If you read older docs or scripts you will see --apply. Knowing the rename to --write saves confusion when a pinned older runner image still uses it.

What it does

On Biome v1, check --apply applies safe fixes and formatting and check --apply-unsafe also applies unsafe ones. Biome v2 renamed both: --apply became --write and --apply-unsafe became --write --unsafe.

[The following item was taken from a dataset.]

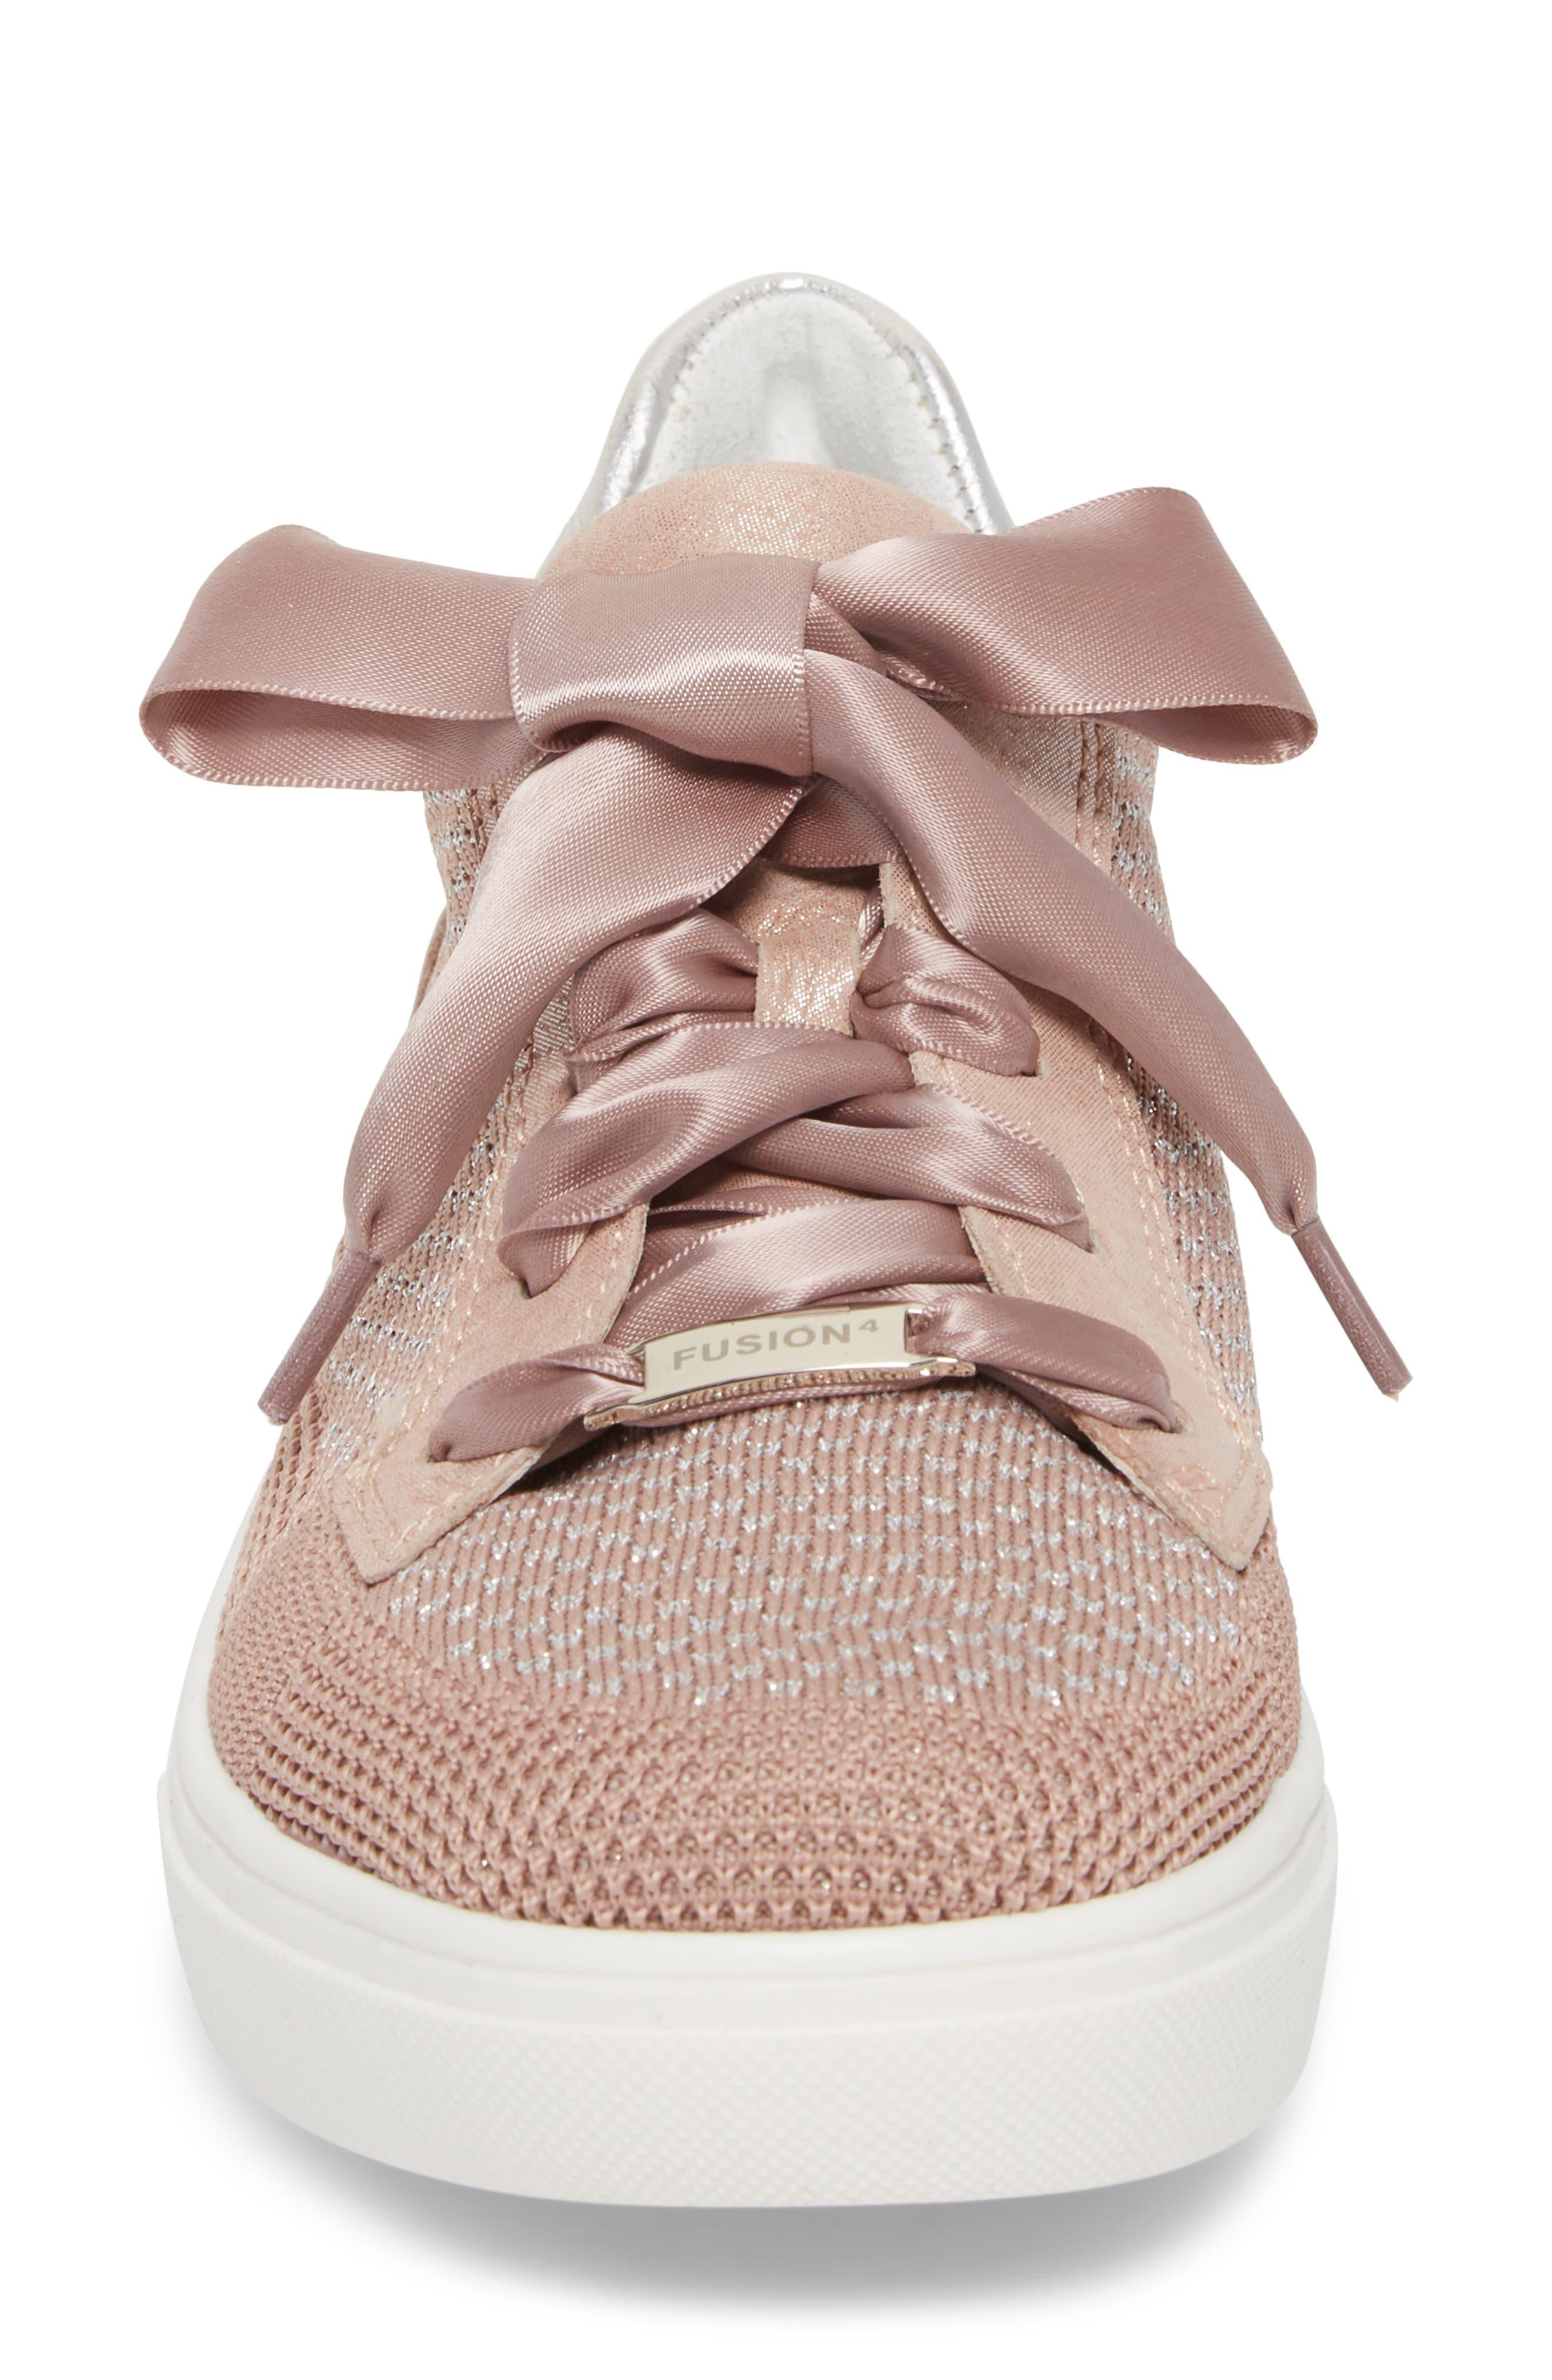 Natalya Sneaker,                             Alternate thumbnail 4, color,                             Powder Fabric

The behavior is otherwise the same.

Common usage

Terminal
# Biome v1 syntax
npx @biomejs/biome@1 check --apply ./src
npx @biomejs/biome@1 check --apply-unsafe ./src
# Biome v2 equivalent
npx @biomejs/biome check --write ./src
npx @biomejs/biome check --write --unsafe ./src

Options

FlagWhat it does
--apply (v1)Apply safe fixes and formatting; now --write
--apply-unsafe (v1)Also apply unsafe fixes; now --write --unsafe
--write (v2)The current name for --apply
--unsafe (v2)Pairs with --write for unsafe fixes

In CI

Pin the Biome version so the flag matches the syntax in your scripts. A job that calls --apply against a v2 binary fails; one that calls --write against a v1 binary fails the other way. Version pinning keeps the flag name stable.

Common errors in CI

"unexpected argument --apply found" means a v2 binary received the v1 flag; switch to --write. The reverse, "unexpected argument --write" on an old binary, means the pinned version predates the rename. Pin @biomejs/biome to a known major to avoid surprises across runner image updates.